[WORK TASK]:
The lines from the one containing "光市映画上映会【10ミニッツ】【大城湯けむり狂騒曲】" through the final line of the listing below are what the answer must repeat, exactly and only, leaving pictures out.

STORED DATA Block Start

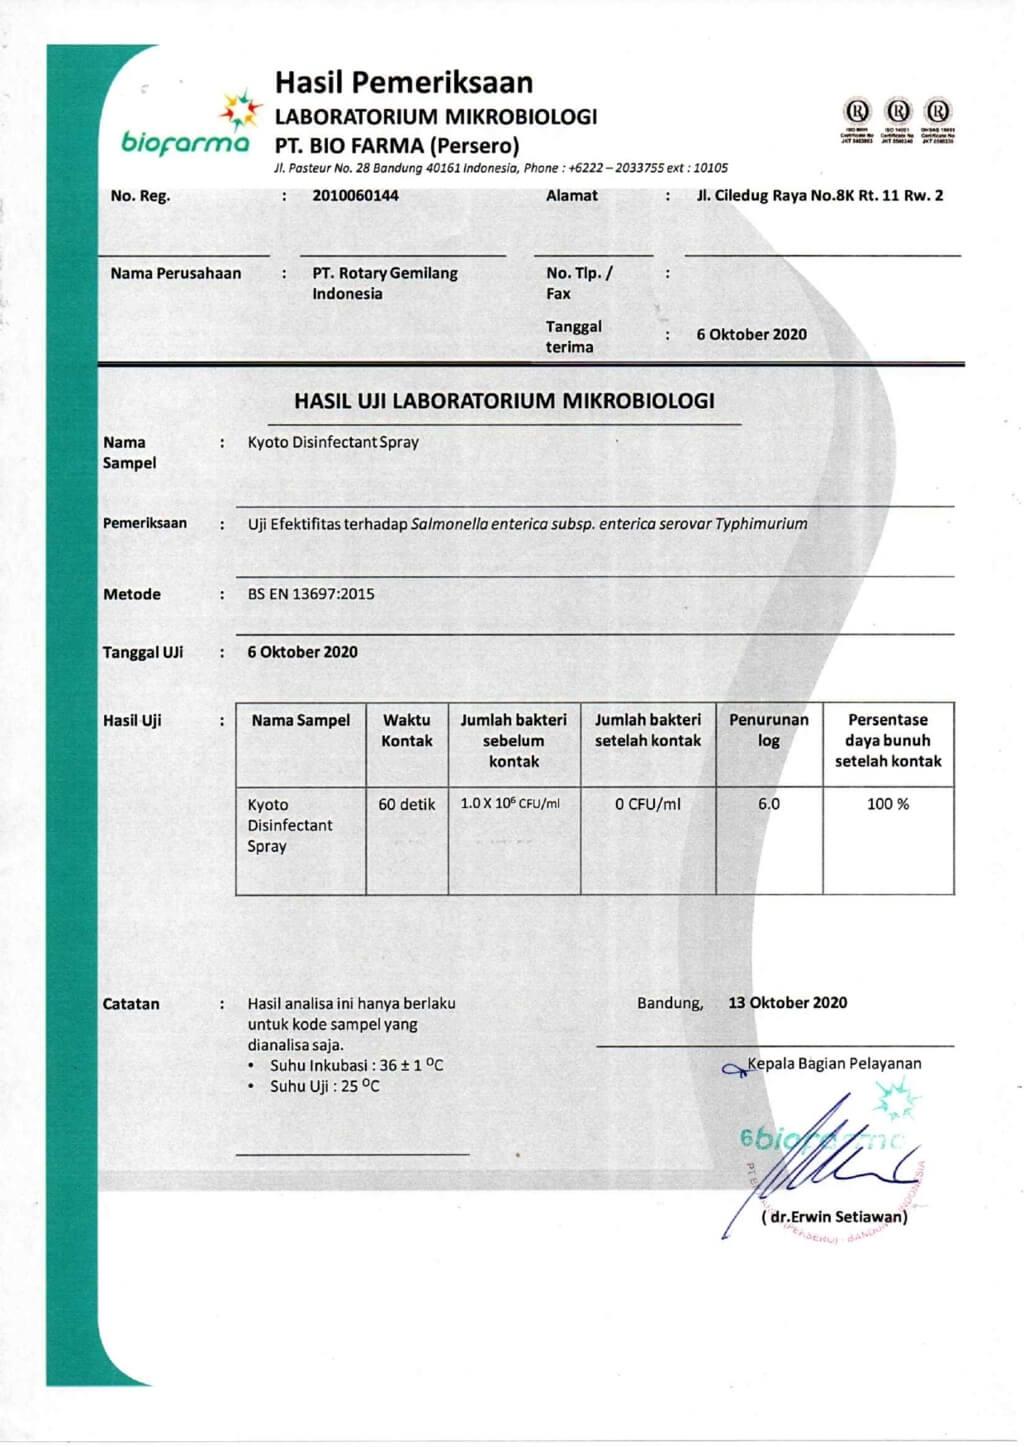 optimize- Hasil Lab Biofarma Aerosol_pages-to-jpg-0004
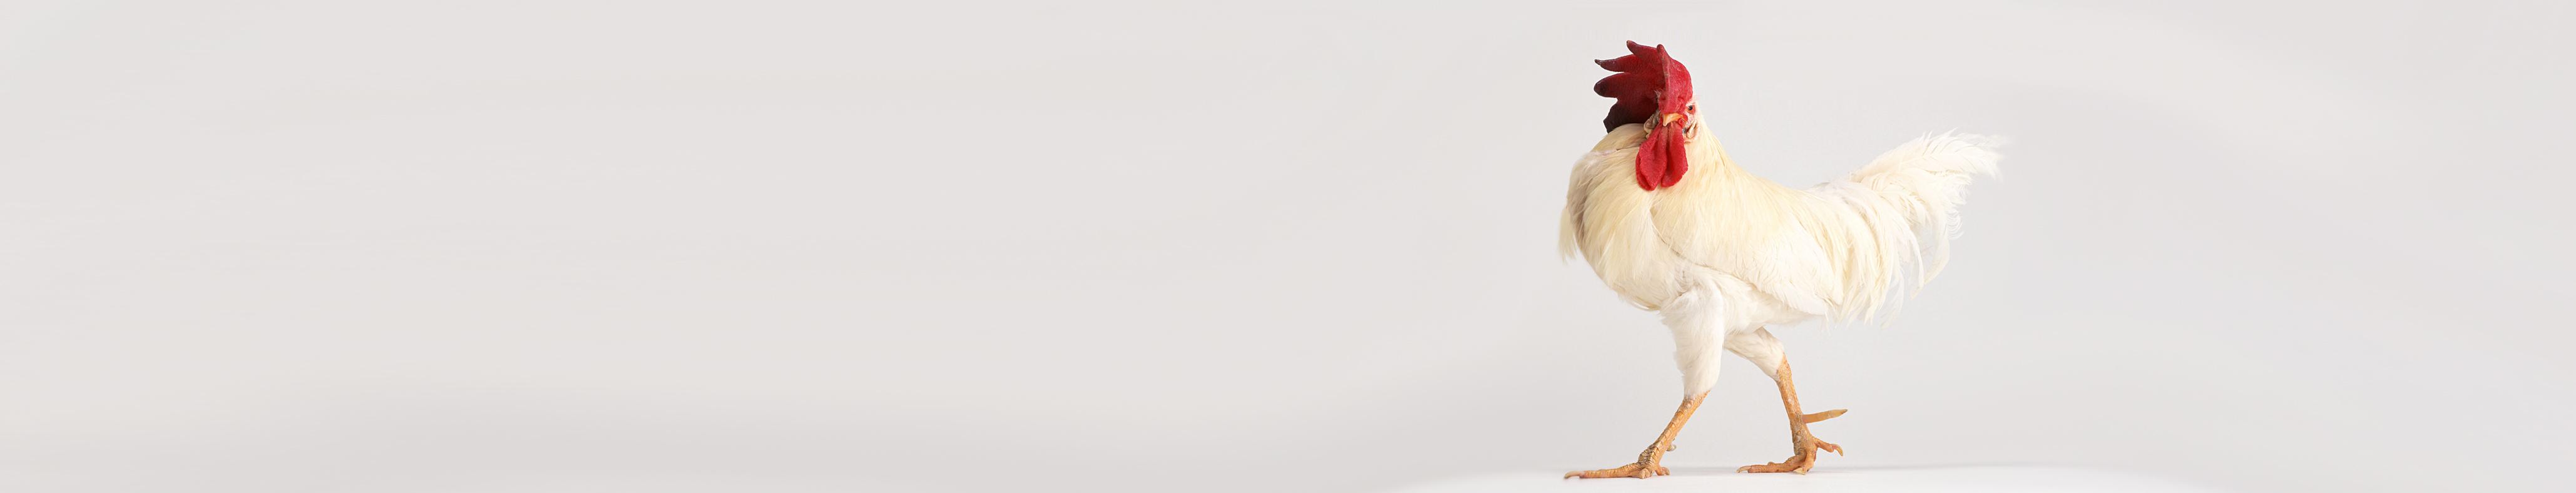 Ein stolzer Hahn läuft vor einem grauen Hintergrund entlang.
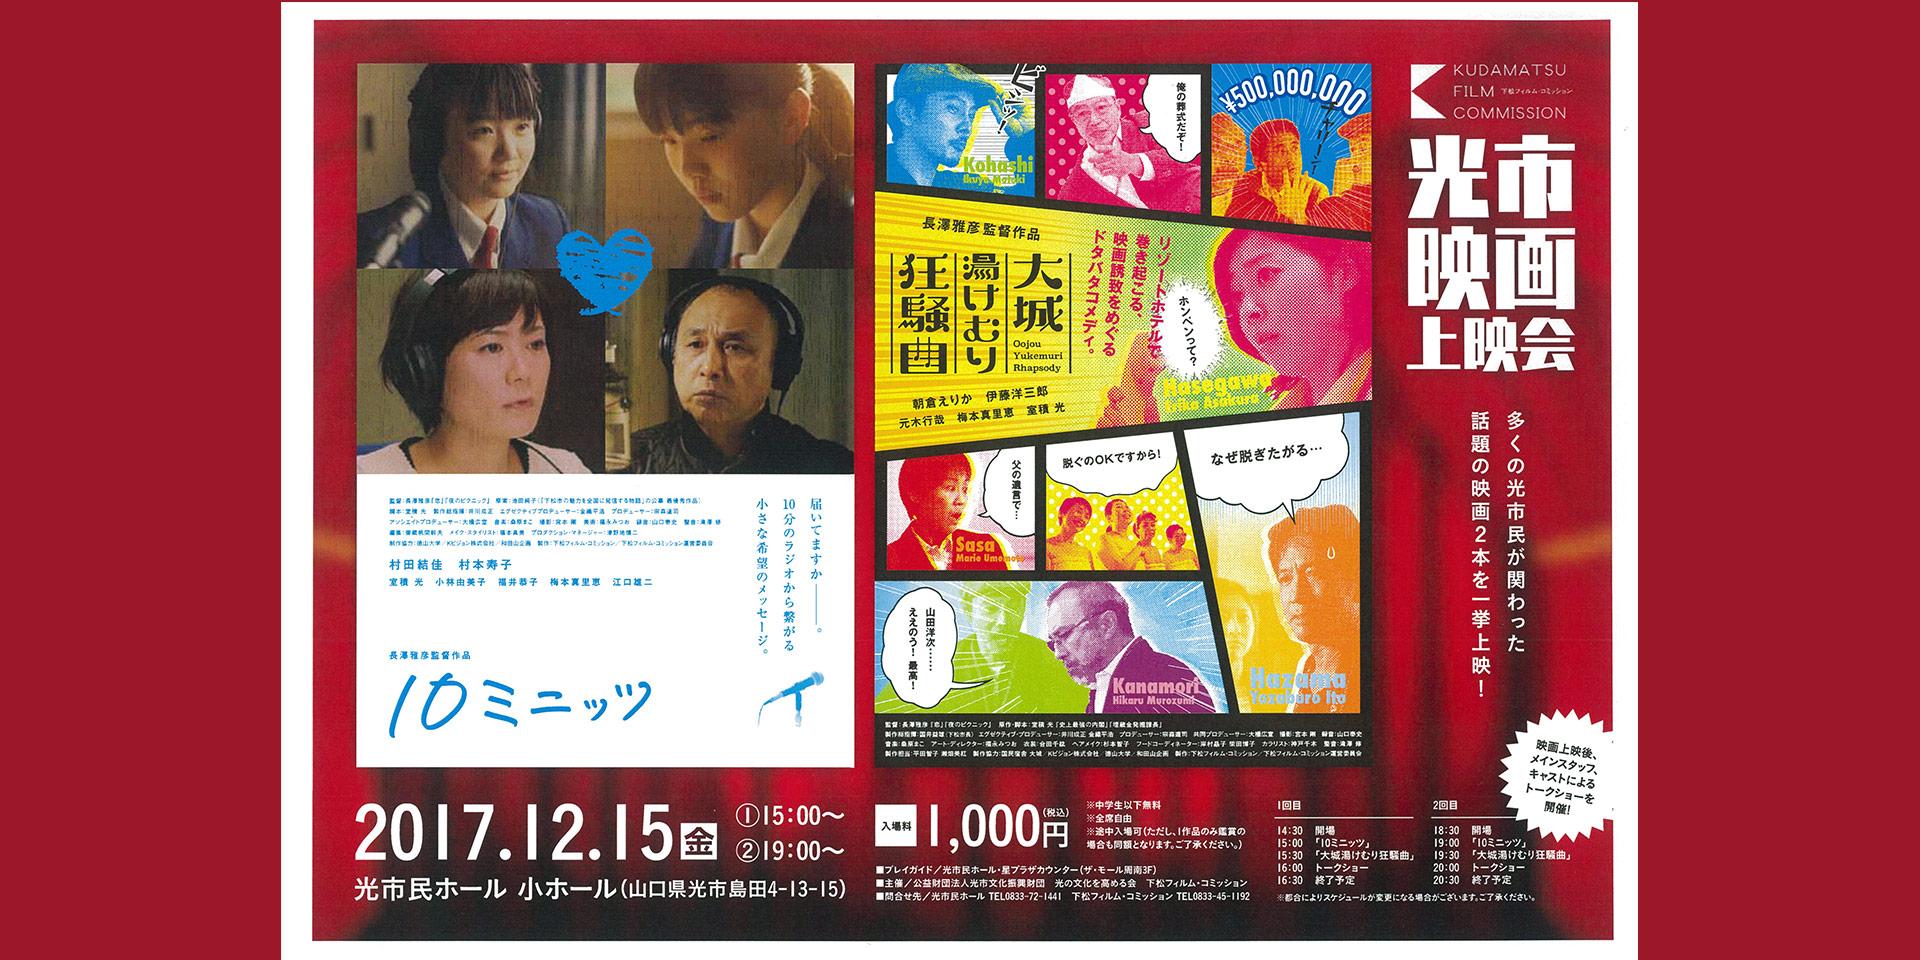 光市映画上映会【10ミニッツ】【大城湯けむり狂騒曲】
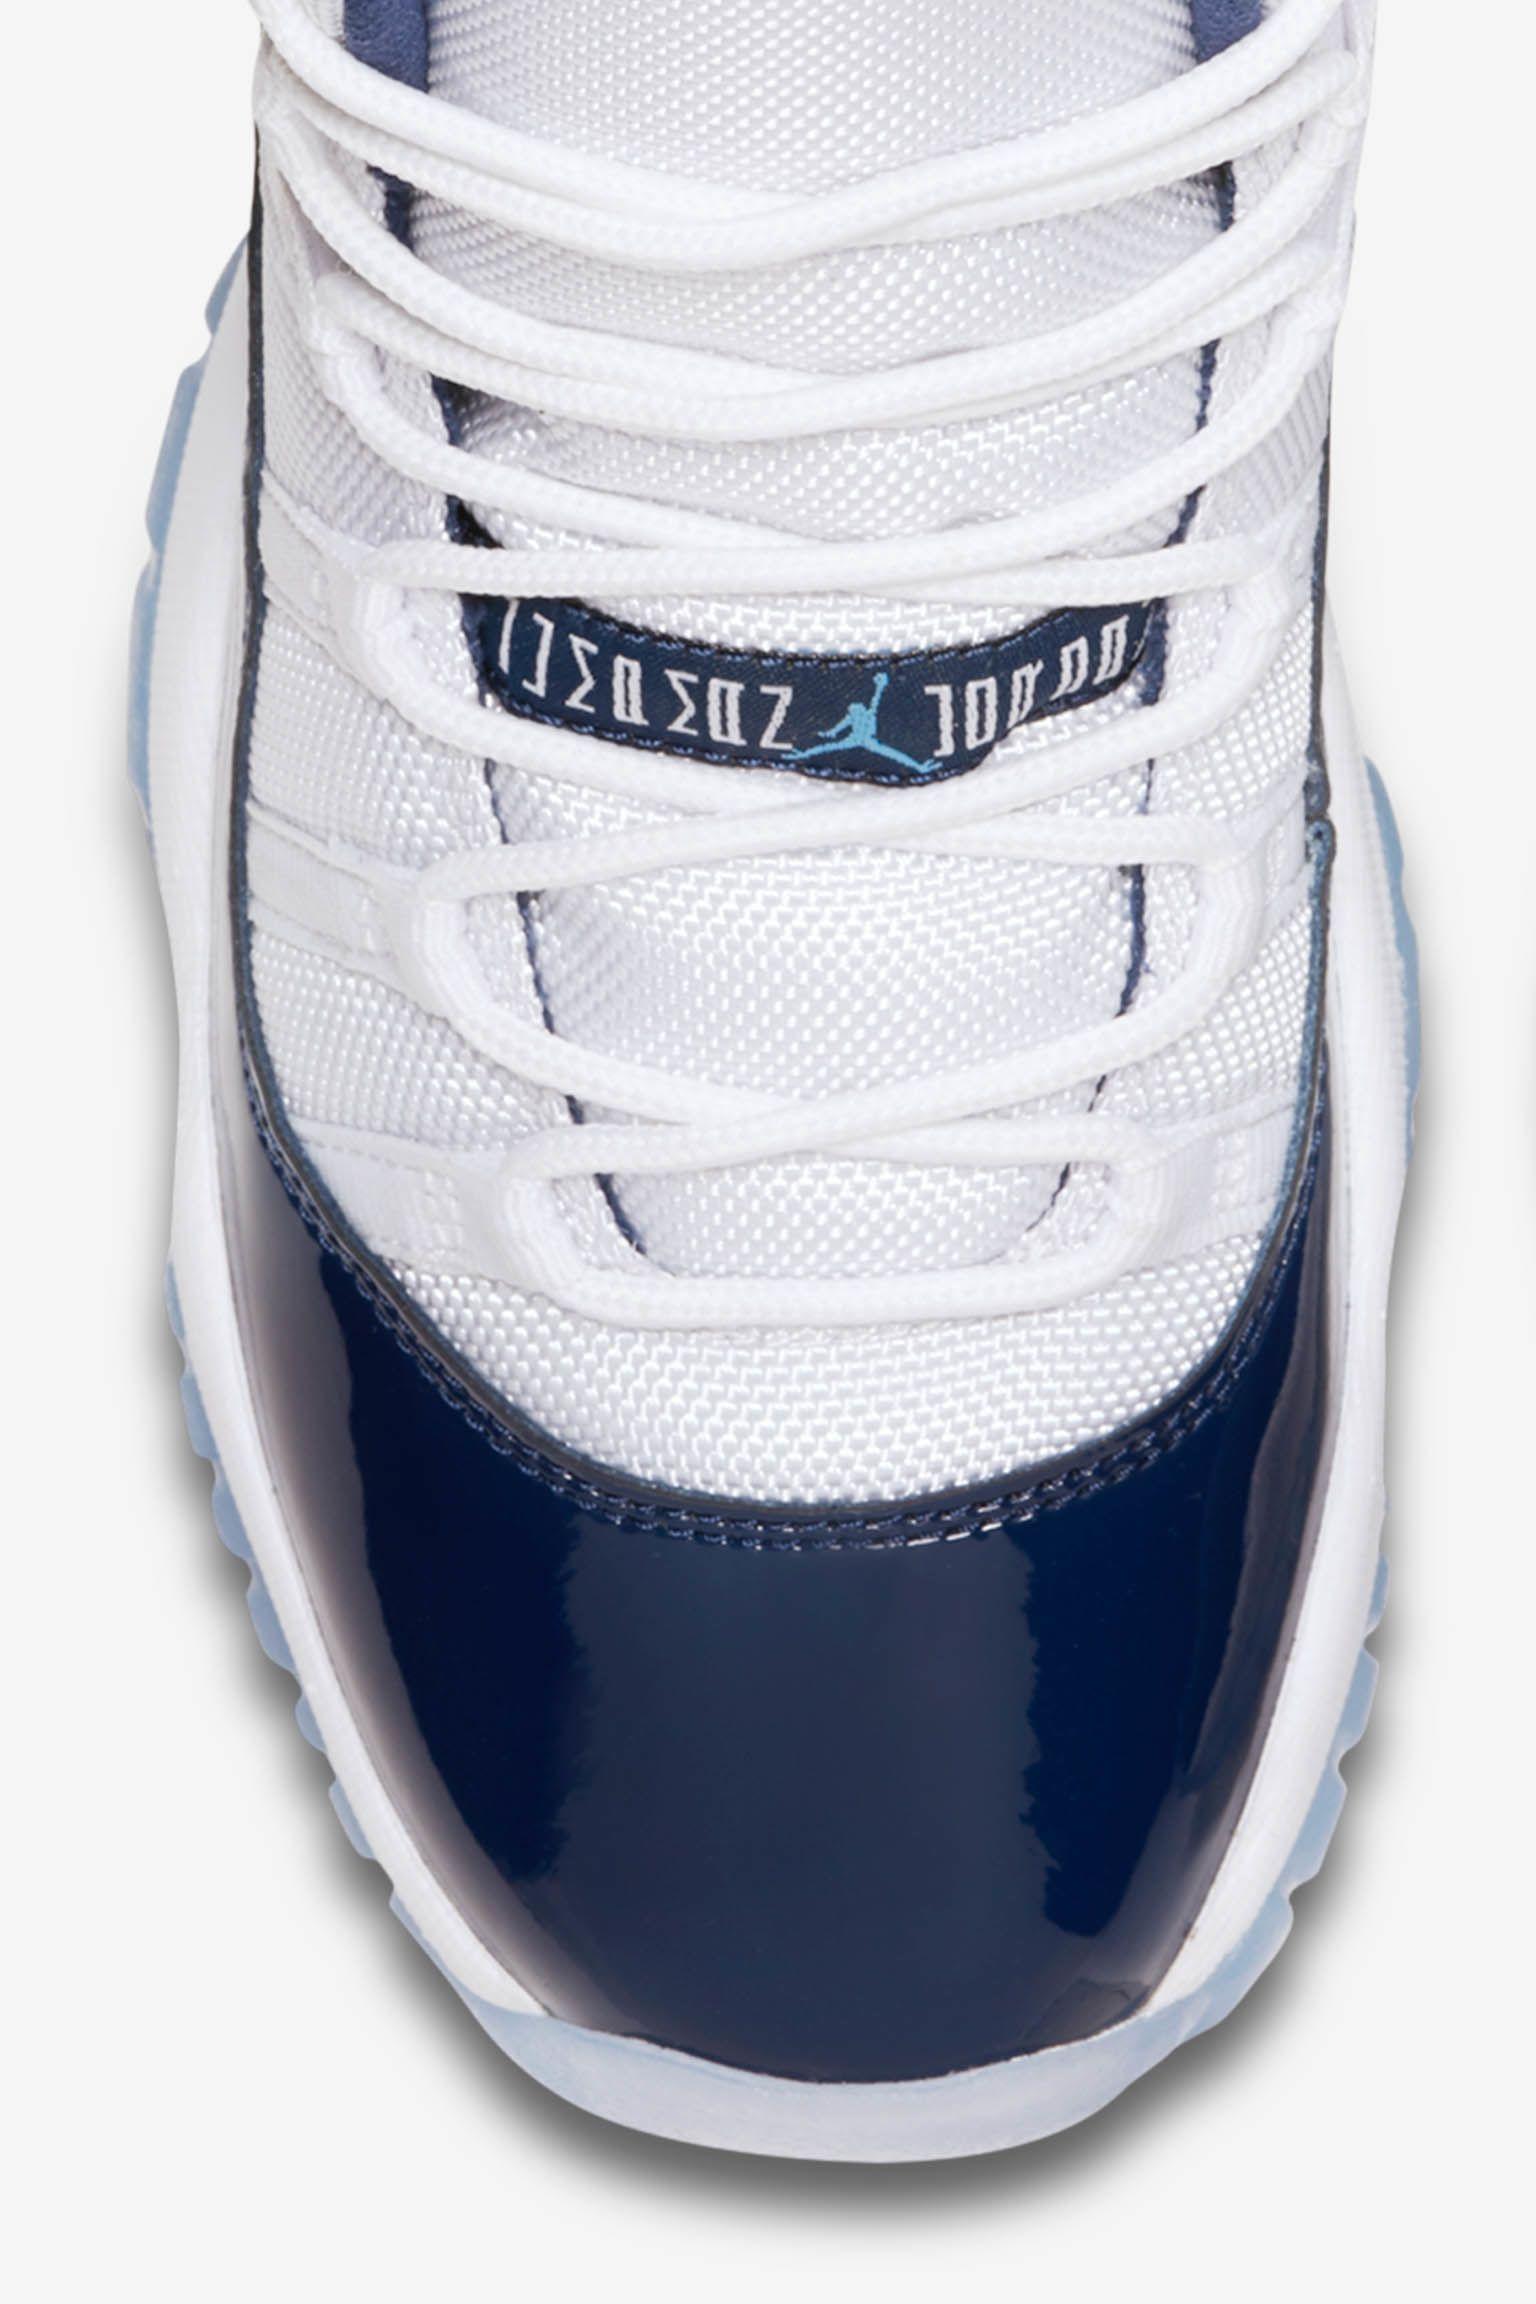 大童款 Air Jordan 11 Retro 'Midnight Navy' 发布日期

STORED DATA Block End

[EXERCISE OUTPUT]:
 光市映画上映会【10ミニッツ】【大城湯けむり狂騒曲】
 大童款 Air Jordan 11 Retro 'Midnight Navy' 发布日期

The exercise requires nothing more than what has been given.